Lululemon Athletica has reported a «solid start» to the third quarter as its North American business improves, leading the yoga wear maker to revise its annual profit and revenue forecasts upward for a second time. In the second quarter, Lululemon experienced significant growth in North America, with a notable 11% increase in sales. This expansion was driven by increased purchases of workout gear and crossbody bags by its affluent customer base. Additionally, the company gained market share in the United States during this period.

Sales in China, which represented approximately 12% of overall revenue, also experienced substantial growth, with a 61% increase due to resilient demand following the easing of pandemic restrictions. However, these growth rates did slow compared to the first quarter, reflecting increasing global economic uncertainty.

Lululemon continues to observe consistent customer behavior, with individuals adhering to their pandemic shopping habits, including purchasing comfortable clothing items such as Dance Studio joggers and running shorts, as well as accessories like backpacks and small pouches.

To attract more customers, Lululemon has introduced innovative products, including «road-to-trail» running shoes, introduced new colors in its sports apparel, and expanded its tennis and golf collections. These efforts, combined with strong demand for core products and newer items, have allowed the company to maintain high margins without resorting to heavy discounting.
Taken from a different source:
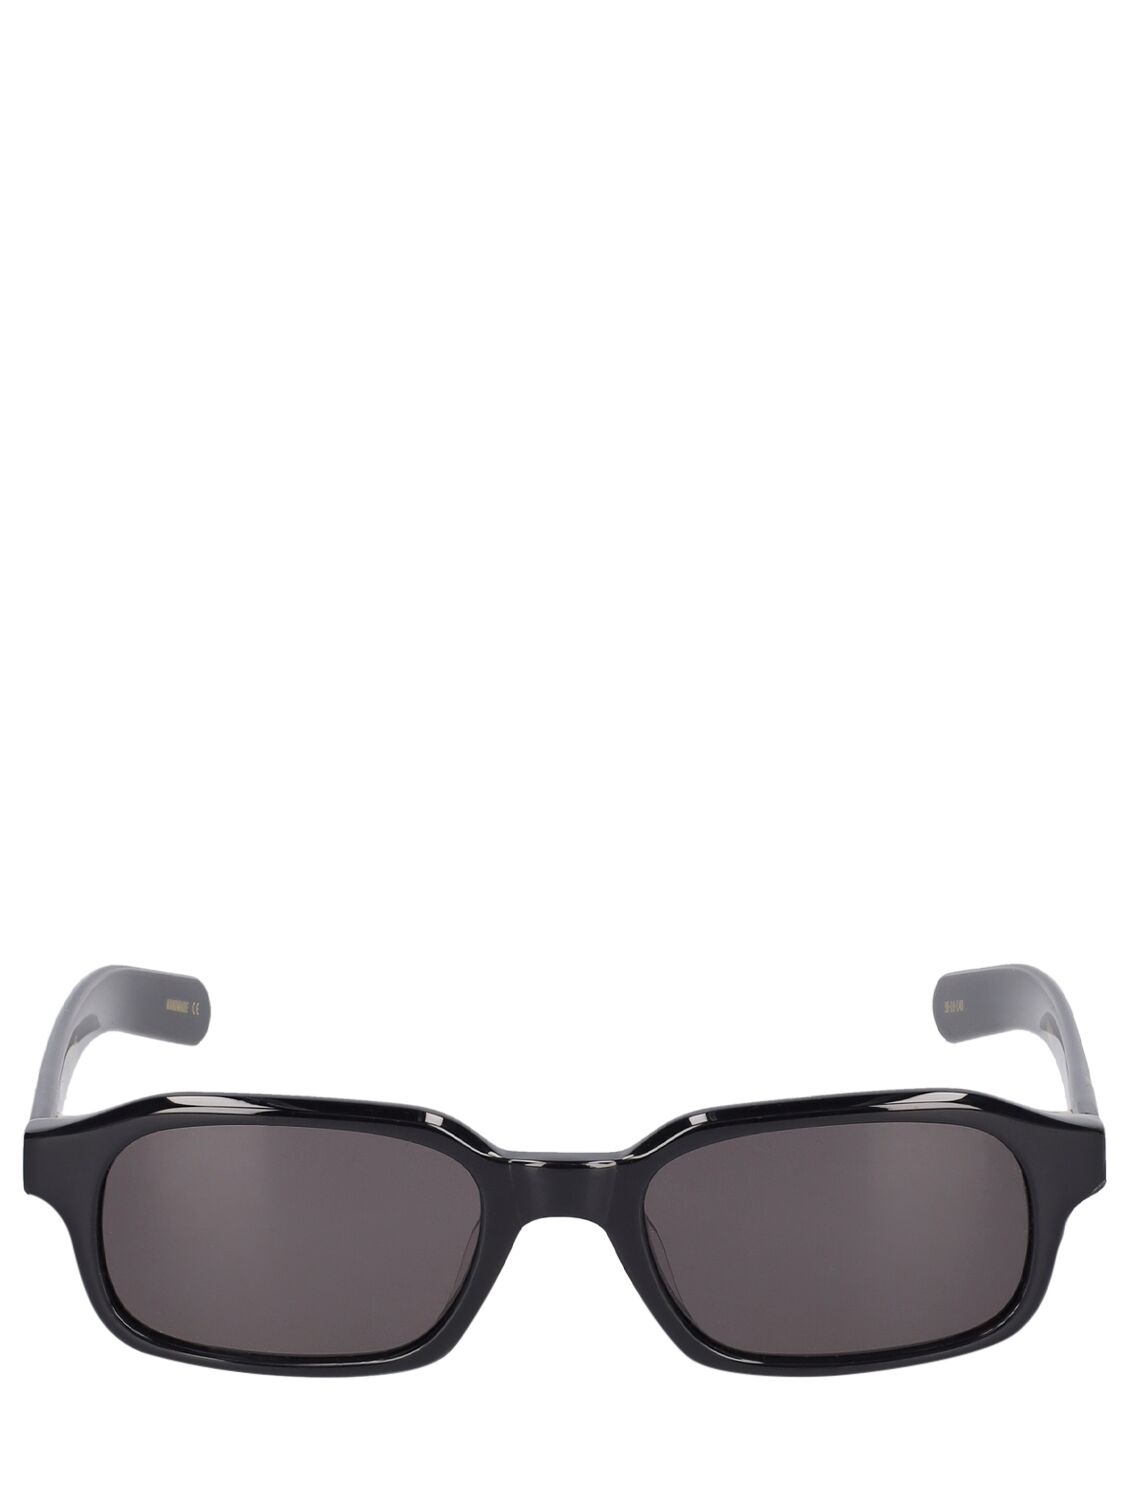 Flatlist Eyewear Hanky Sunglasses In Black

Lululemon’s gross margins increased by 230 basis points to 58.8% in the second quarter. The company is raising its annual forecast, anticipating full-year 2023 revenue to be between $9.51 billion and $9.57 billion, up from the previous estimate of $9.44 billion to $9.51 billion. It also expects annual profit to be between $12.02 and $12.17 per share, compared to the earlier forecast of $11.74 to $11.94 per share.

This positive outlook comes as some apparel makers, including Nike, adopt a cautious stance toward the second half of the year due to a weakening consumer spending environment.